10 January 2013

REVIEW: Such a Rush by Jennifer Echols

Such a Rush by Jennifer Echols
Published: July 10th, 2012 | MTV Books
Genre: Young Adult, Contemporary
Format: Hardcover | 336 pages
Goodreads | Amazon | Author

A sexy and poignant romantic tale of a young daredevil pilot caught between two brothers.

When I was fourteen, I made a decision. If I was doomed to live in a trailer park next to an airport, I could complain about the smell of the jet fuel like my mom, I could drink myself to death over the noise like everybody else, or I could learn to fly.
Heaven Beach, South Carolina, is anything but, if you live at the low-rent end of town. All her life, Leah Jones has been the grown-up in her family, while her mother moves from boyfriend to boyfriend, letting any available money slip out of her hands. At school, they may diss Leah as trash, but she’s the one who negotiates with the landlord when the rent’s not paid. At fourteen, she’s the one who gets a job at the nearby airstrip.
But there’s one way Leah can escape reality. Saving every penny she can, she begs quiet Mr. Hall, who runs an aerial banner-advertising business at the airstrip and also offers flight lessons, to take her up just once. Leaving the trailer park far beneath her and swooping out over the sea is a rush greater than anything she’s ever experienced, and when Mr. Hall offers to give her cut-rate flight lessons, she feels ready to touch the sky.
By the time she’s a high school senior, Leah has become a good enough pilot that Mr. Hall offers her a job flying a banner plane. It seems like a dream come true . . . but turns out to be just as fleeting as any dream. Mr. Hall dies suddenly, leaving everything he owned in the hands of his teenage sons: golden boy Alec and adrenaline junkie Grayson. And they’re determined to keep the banner planes flying.
Though Leah has crushed on Grayson for years, she’s leery of getting involved in what now seems like a doomed business—until Grayson betrays her by digging up her most damning secret. Holding it over her head, he forces her to fly for secret reasons of his own, reasons involving Alec. Now Leah finds herself drawn into a battle between brothers—and the consequences could be deadly.

My thoughts:
Though I was reading Vessel, this was due back at the library on Tuesday, so I read it over the weekend in almost one sitting. It was definitely good enough for that, but like most books lately, I wasn't blown away, but I did really like the book.
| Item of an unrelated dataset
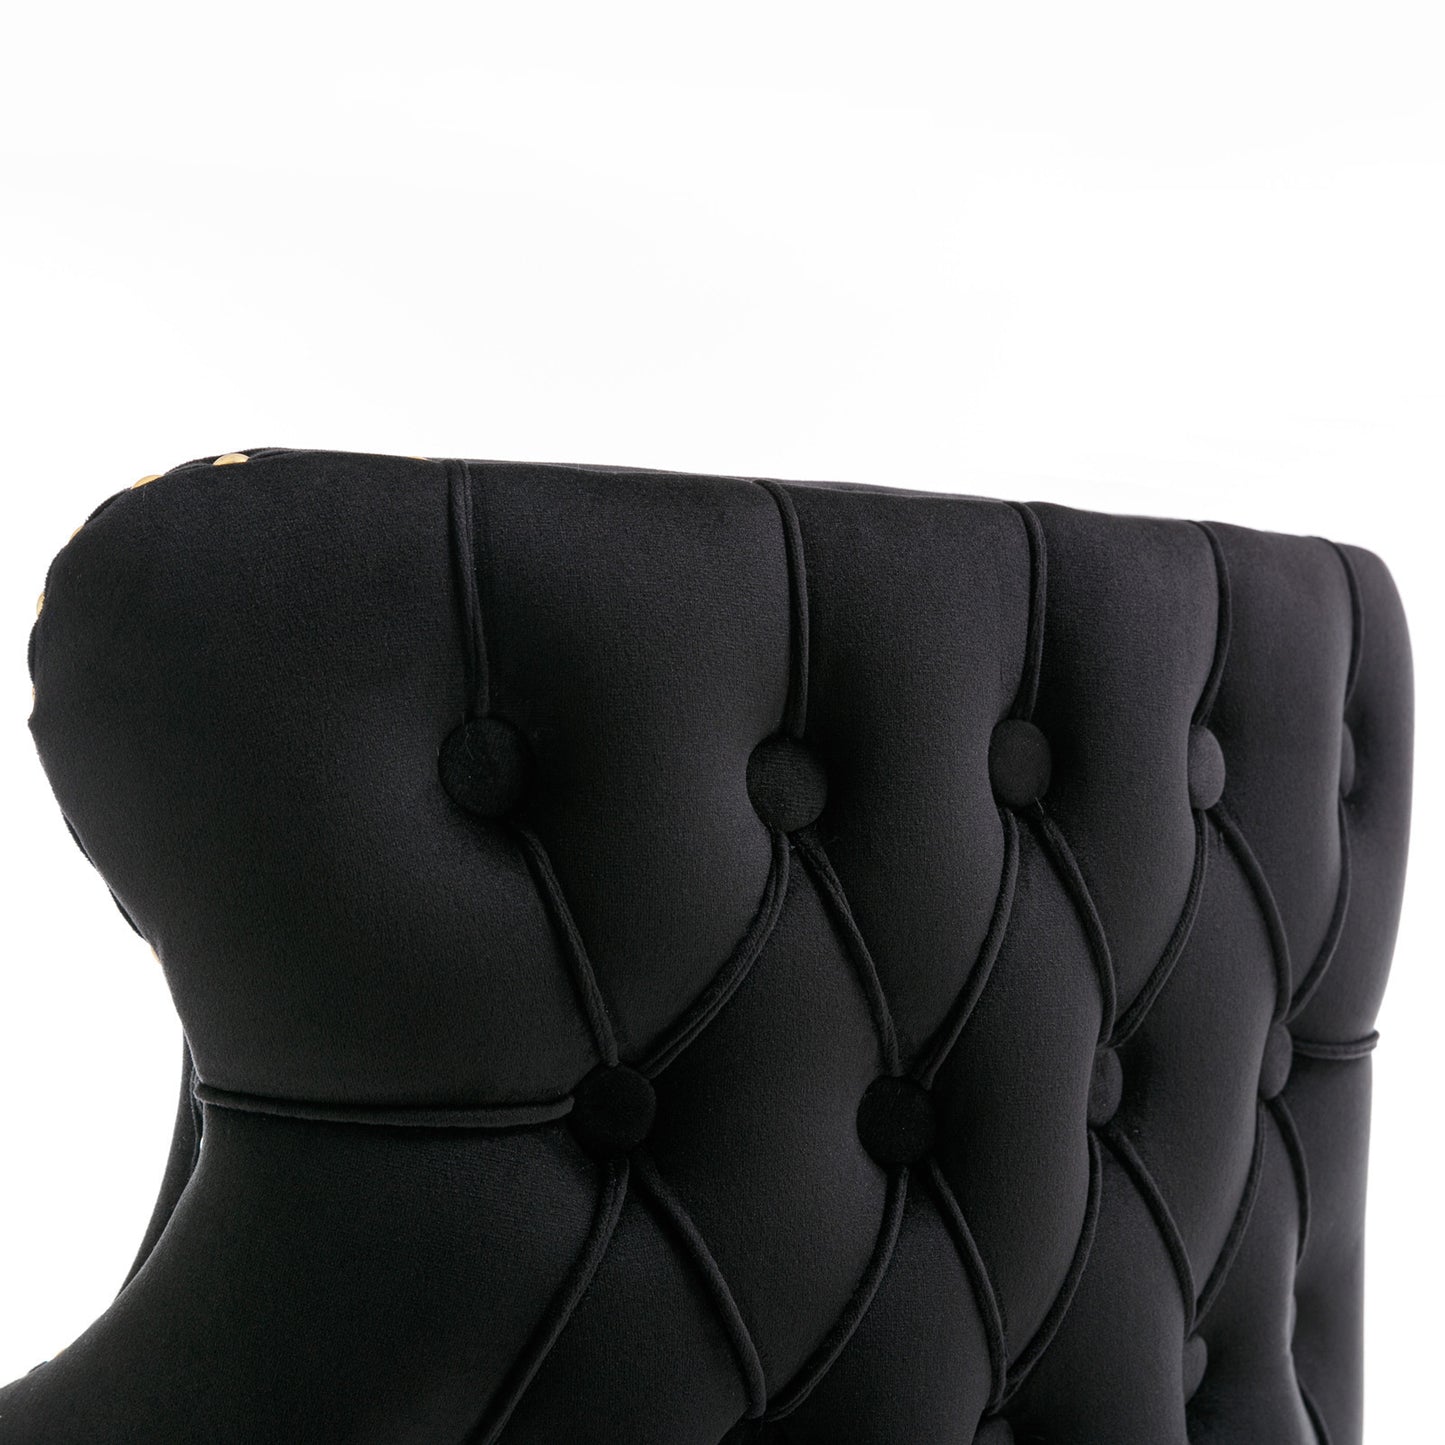 1st Choice Black Swivel Velvet Barstools Adjustable Seat Height - Set of 2

Leah has lived in trailer parks next to airports her whole life and they became her way of escape, and finally she gets the opportunity to get flying lessons as well as work in a small airport. Her mother seems she couldn't care less about Leah or what she does and is always running in and out of her life, leaving the rent, electricity, food, and everything else for Leah to deal with. So...Leah does. All while trying to stay under the radar at school and avoid the name calling and ridicule.

When we're introduced to Leah, she's a 14 year old girl begging for a job and flight lessons at the airport just a short walk away. And by luck, the boss--Mr. Hall--pities her and gives her training she's been dying for. Jump three years later and she's 18 (yeah, the math doesn't make sense to me either, but that's what the book said, so let's go with it) and Mr. Hall and his oldest son die within a month of each other and the Hall twins, Grayson and Alec are left the airport hangar to take after their father.

Grayson is presumably the bad boy, while Alec is the good one. Like in every "great" book, right.
Leah has had a serious crush on Grayson since she met him when they were 14, but did nothing about it. And now that they're forced to work closely together she begins to see that he not only looks like a bad boy, but he is a bad boy. And, in my opinion not attractive one.
He blackmails her into continuing her flying for Hall Aviation and to also date Alec.

The things he says to her, and the way he words them honestly pissed me off. I'm not a huge fan of the bad boy in general, but I borderlined hated Grayson. Douchebag isn't the right word. But because Leah hadn't had much love or care in her life she didn't let it get to her as much as she should have. She went along with him, telling him, nonchalantly that she didn't want to do it, but he'd make some snide remark and that'd be the end of that. I was tired of him the more he was in the book.

I loved everything else about Leah, except for her views on Grayson. The way she thought, acted, her strength, everything. Except Grayson.

And then there's Leah's best (and only) friend Molly whom I adored from her first sentence, but then I began having mixed feelings about her too.

Alec, there wasn't much to say about him, because he wasn't in it very much and he wasn't really memorable.

Towards the end of the book we learn of Grayson's reason behind the blackmail and his feelings and blah blah.... I was over it. I was over him and the ending left me annoyed and frustrated.

The synopsis is kind of over exaggerated, and it's not really "sexy". There were times that involved being sexy, but it wasn't necessarily sexy.
I also had a problem with her writing, I felt like what she had in her head, she had a hard time trying to convey in the book and some sentences seemed very out of place.

Rating: 

Plot: 
Characters:
Ending: ½
Writing: ½
Cover: (She has curly hair in the book, and I do not like the way it is on the cover.)